ACTIVITY: Give back an exact copy of the lines in the records below, from the line that has "Jacob Cohen Nick" through the line that has "Accesso cancelli dove", and nothing besides.

MATERIAL TO PROCESS:
▼
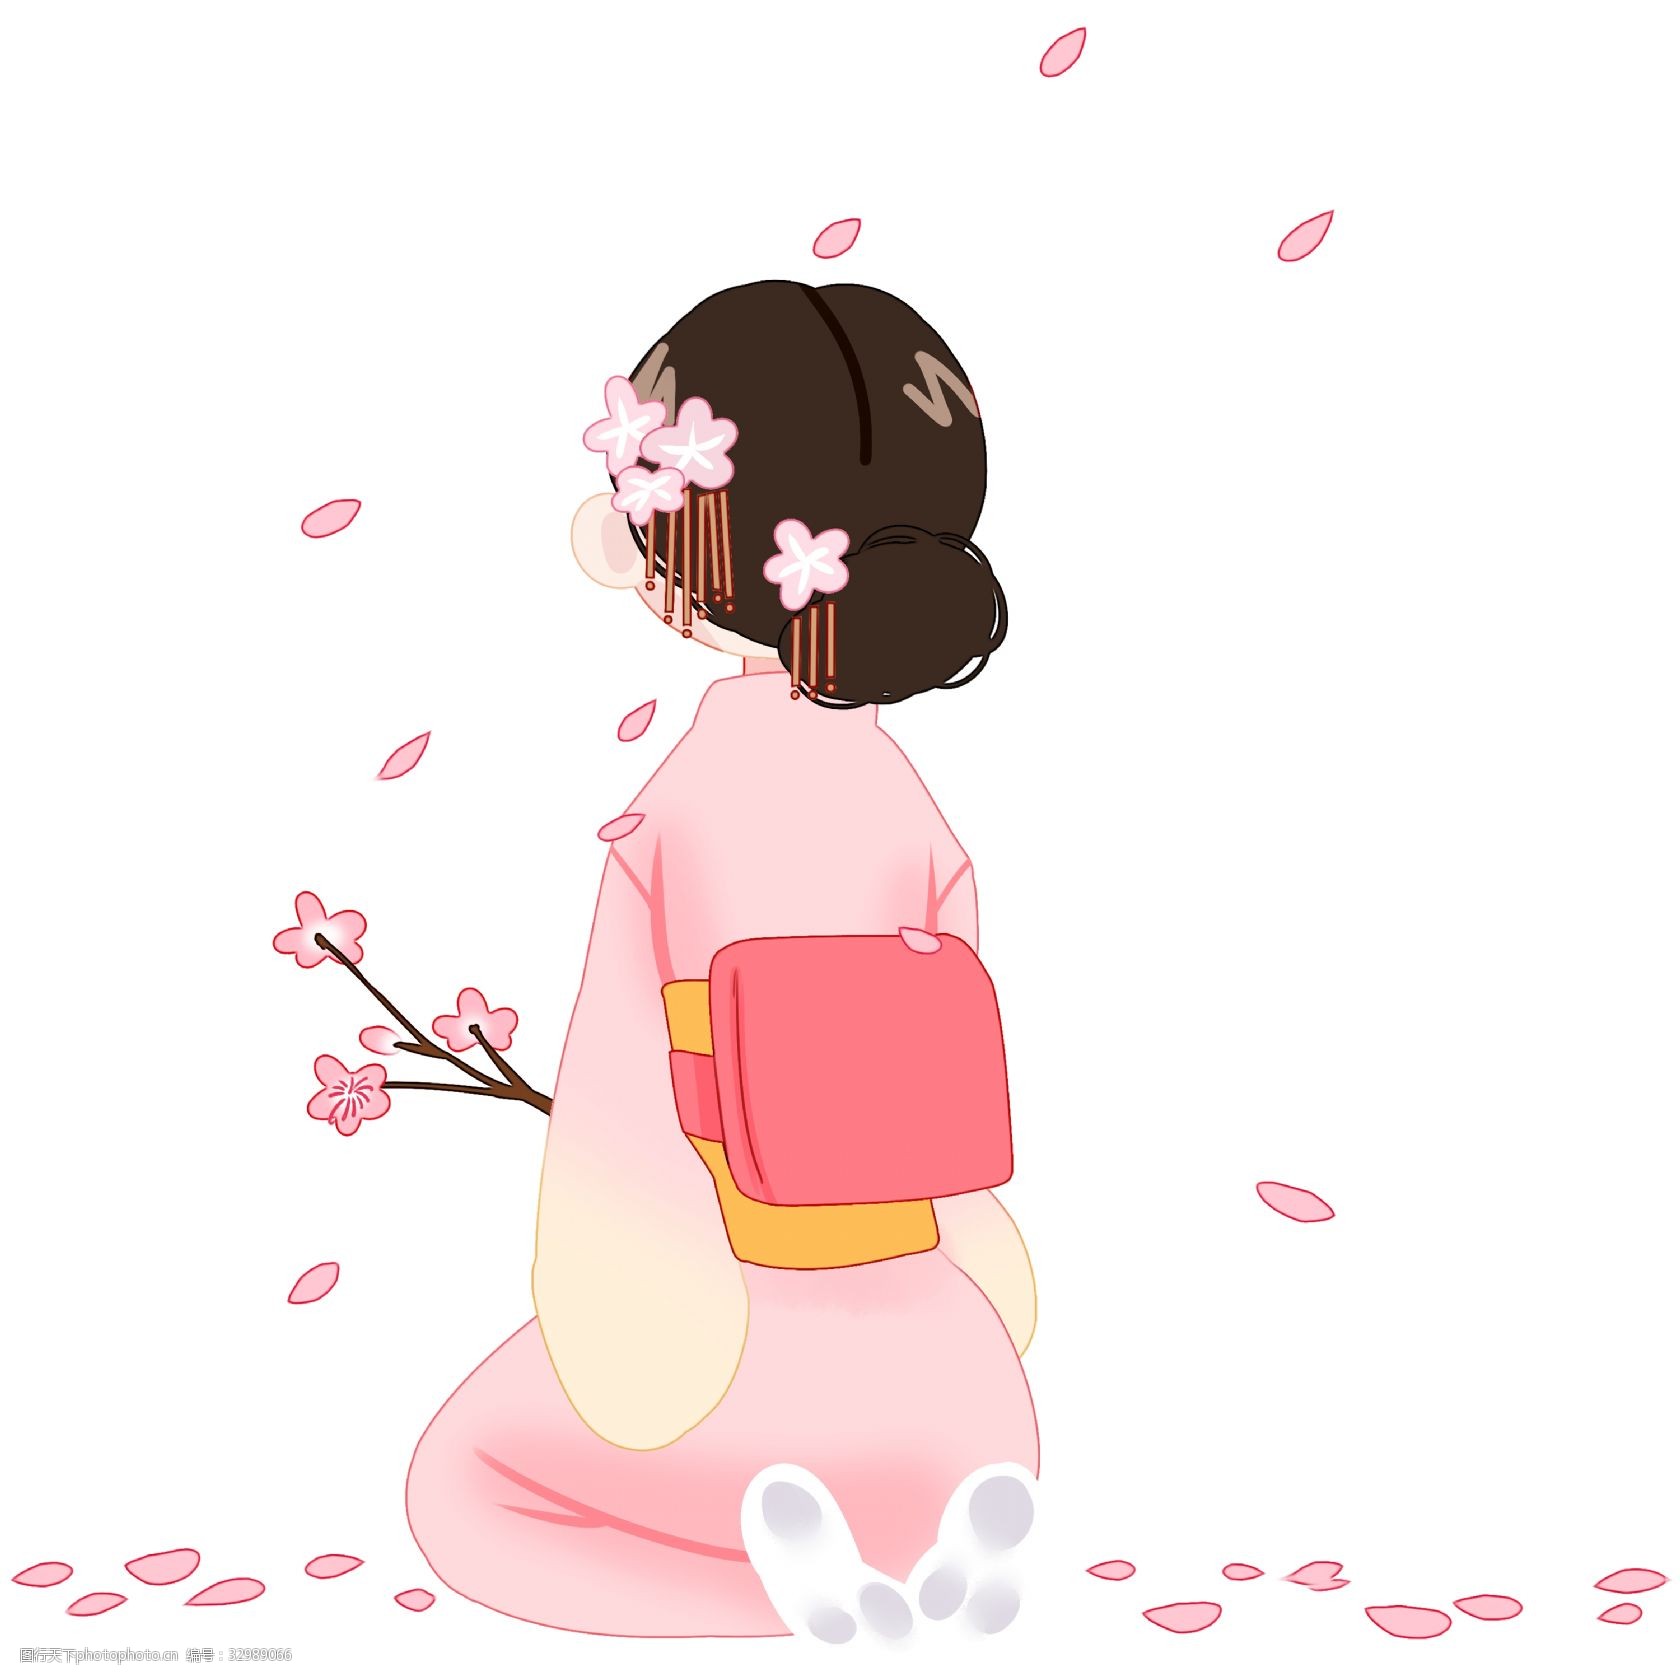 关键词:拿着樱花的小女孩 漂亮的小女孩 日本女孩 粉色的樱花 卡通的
▲
▼
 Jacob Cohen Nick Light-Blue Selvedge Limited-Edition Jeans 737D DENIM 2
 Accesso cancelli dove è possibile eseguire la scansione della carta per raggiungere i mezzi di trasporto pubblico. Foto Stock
▲
YOUR SOLUTION:
 Jacob Cohen Nick Light-Blue Selvedge Limited-Edition Jeans 737D DENIM 2
 Accesso cancelli dove è possibile eseguire la scansione della carta per raggiungere i mezzi di trasporto pubblico. Foto Stock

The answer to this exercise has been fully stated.